Well, we farmed for two years. I was there until 1944, and I wanted to get back to college. And by that time, I had decided that I wanted to go into medicine. One of the reasons was that whether you're in military life or in civilian life, if you are in medicine, your occupation doesn't change. My younger brother, Yosh, decided that he wanted to be a pharmacist, so he left a year before me and went to University of Michigan. I visited him one time, and I thought well, "He's going to be there, I'll go to the University of Wisconsin." So I applied to Wisconsin and was accepted. It was very difficult to leave the farm in 1944 because in September, we had thirty acres of onions that was ready to be harvested. We had thirty acres of sugar beets that were to be harvested a little later, and we also had potatoes to harvest. And here, I had been fully responsible in overseeing the farm by that time, and so I was very undecided as to whether or not that I should leave at that time. But my parents talked me into leaving and going to school anyway, and I turned over the farm to my next brother, Ken.

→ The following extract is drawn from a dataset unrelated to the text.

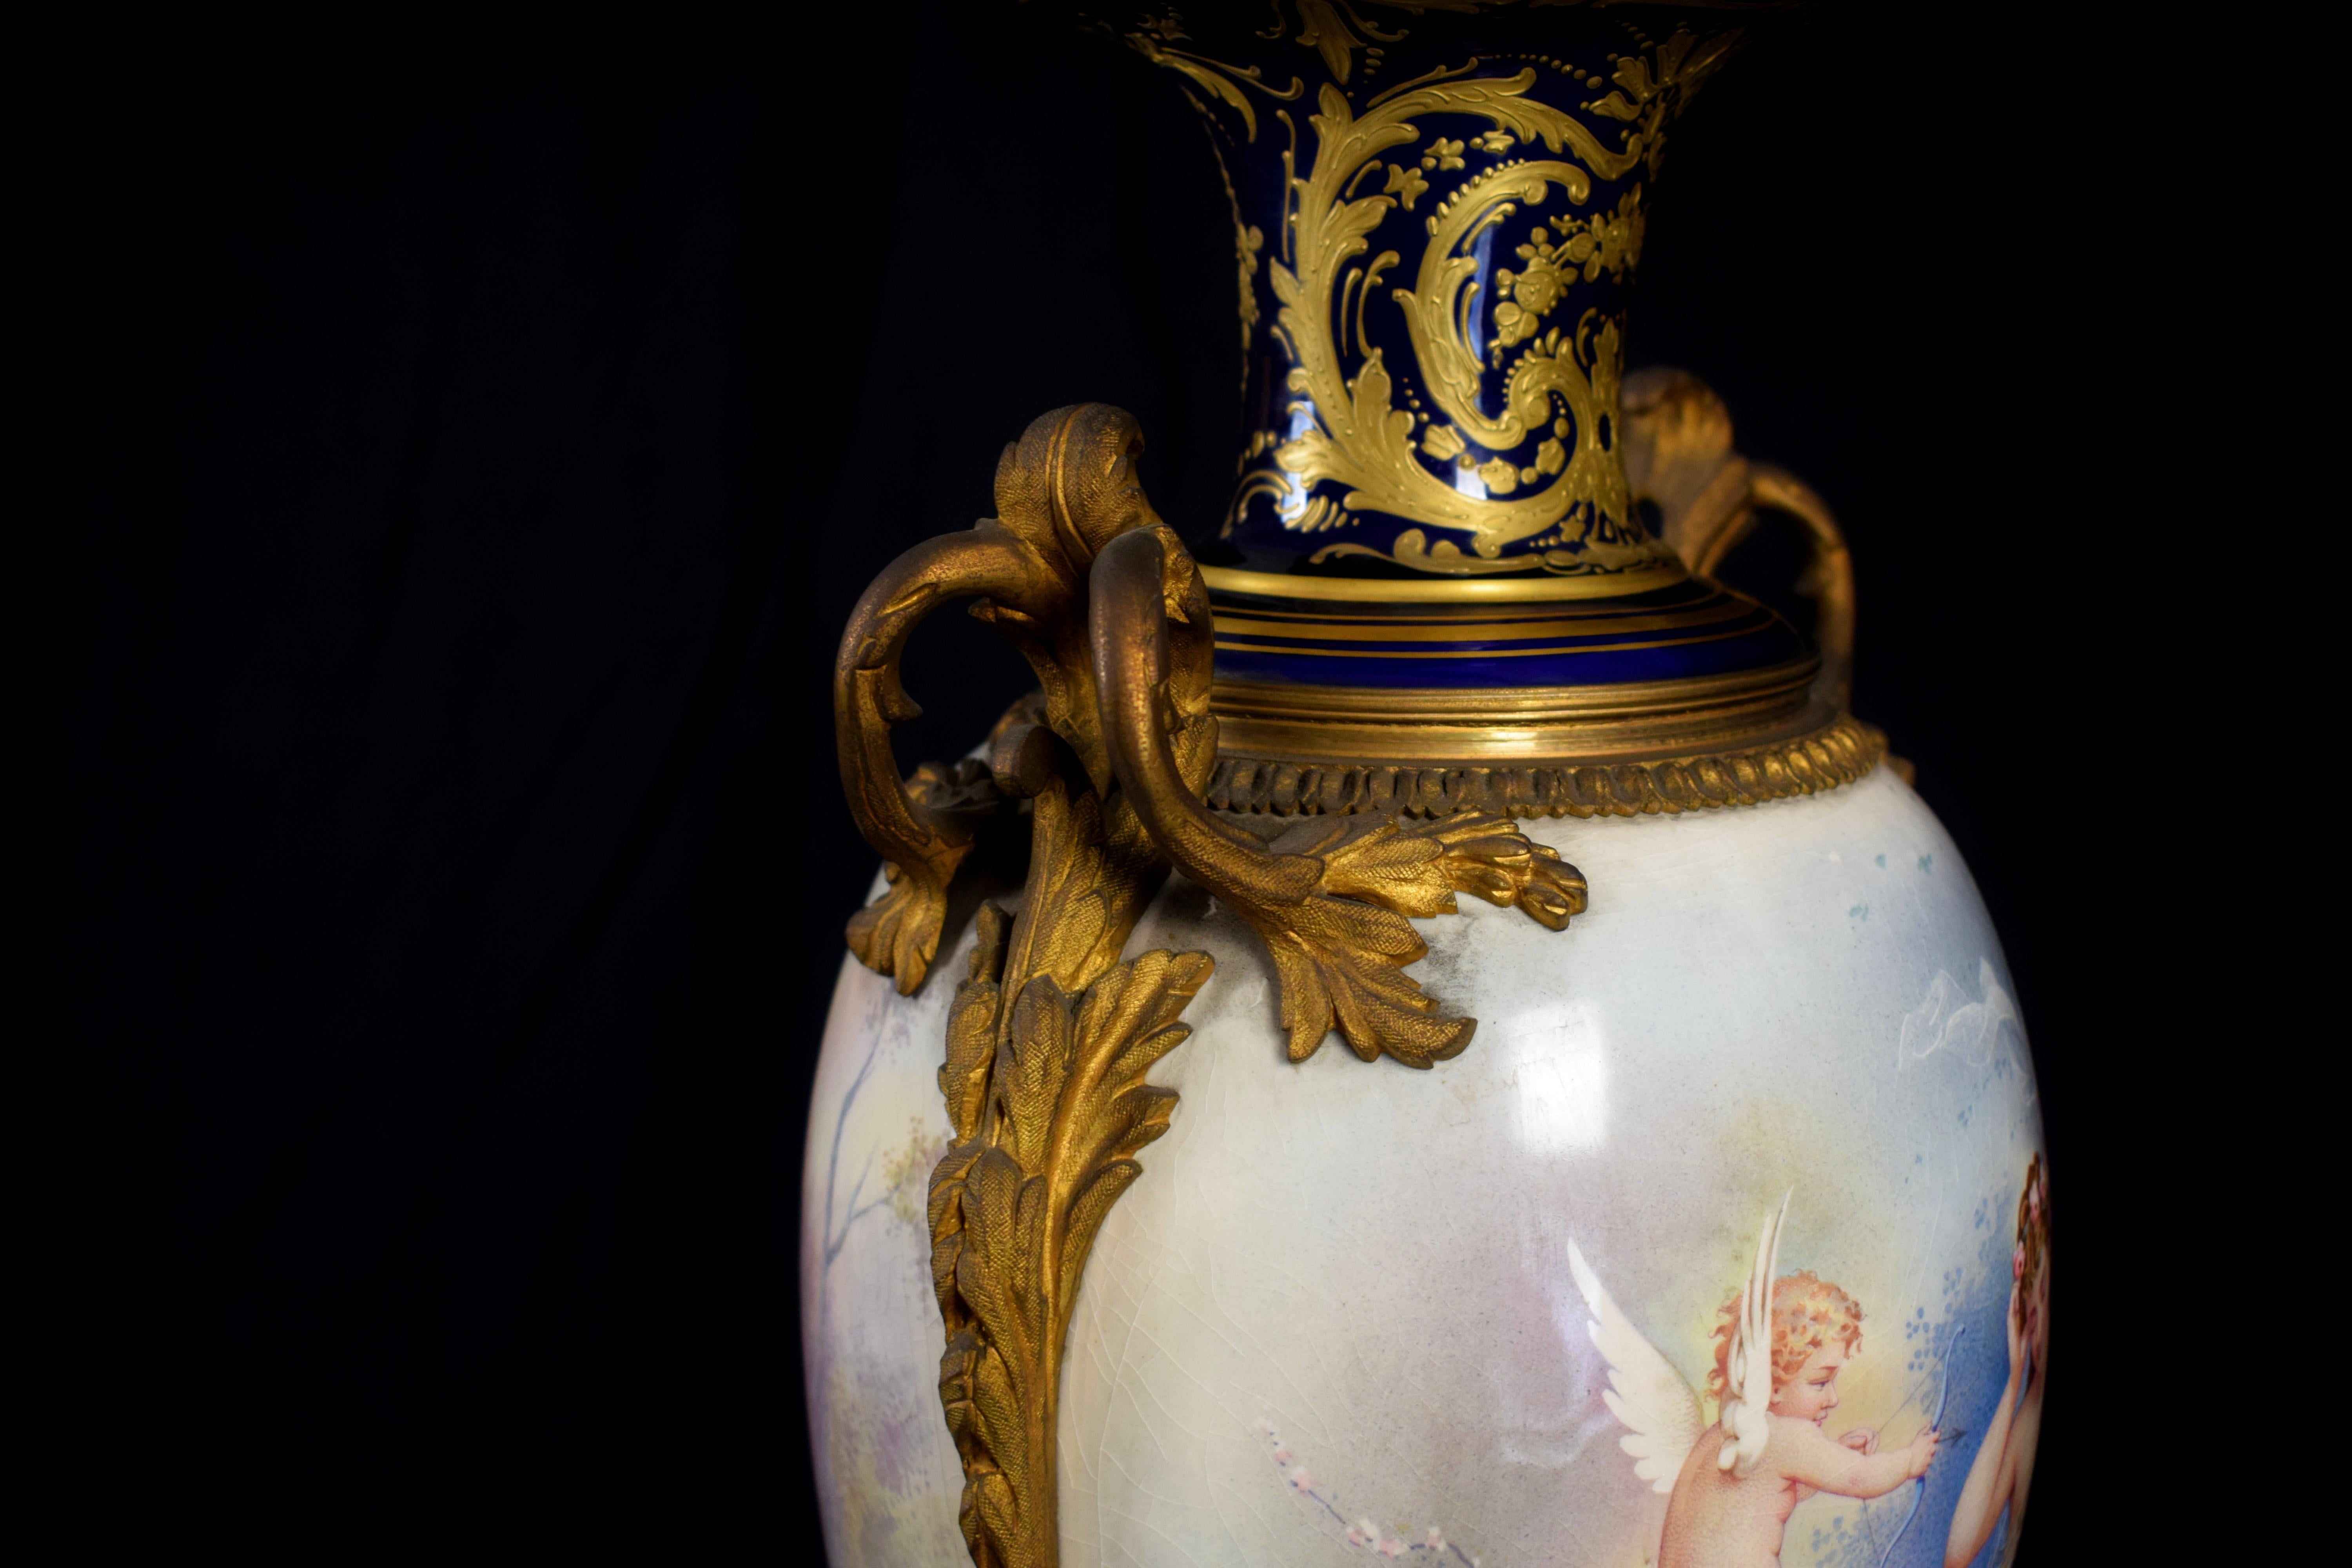 19th Century Large Ormolu-Mounted Sèvres Stile Porcelain Cobalt-Blue Vase and Cover

Well, I can remember the trip to Madison, Wisconsin. I took the train from Ontario, and here it was in September. As soon as I got into Colorado, I got into a snowstorm that was quite a shock. But any rate, I finally got to Madison, Wisconsin. I didn't know where to stay. So there was a YMCA on the campus close to the campus, so I stayed there for the first week or two, enrolled in school. So looking around, I finally found a vacant fraternity house. It was named the Triangle which was an engineering fraternity house, and this house had been vacated because of the wartime conditions, and there were few students. So I was able to rent a room in this Triangle fraternity house and had a roommate, got a roommate who was a football player. This big strapping fellow was from Green Bay, Wisconsin. We got along very well. As a matter of fact, he had invited me to go home with him to Green Bay, and so I went up to see, meet his family.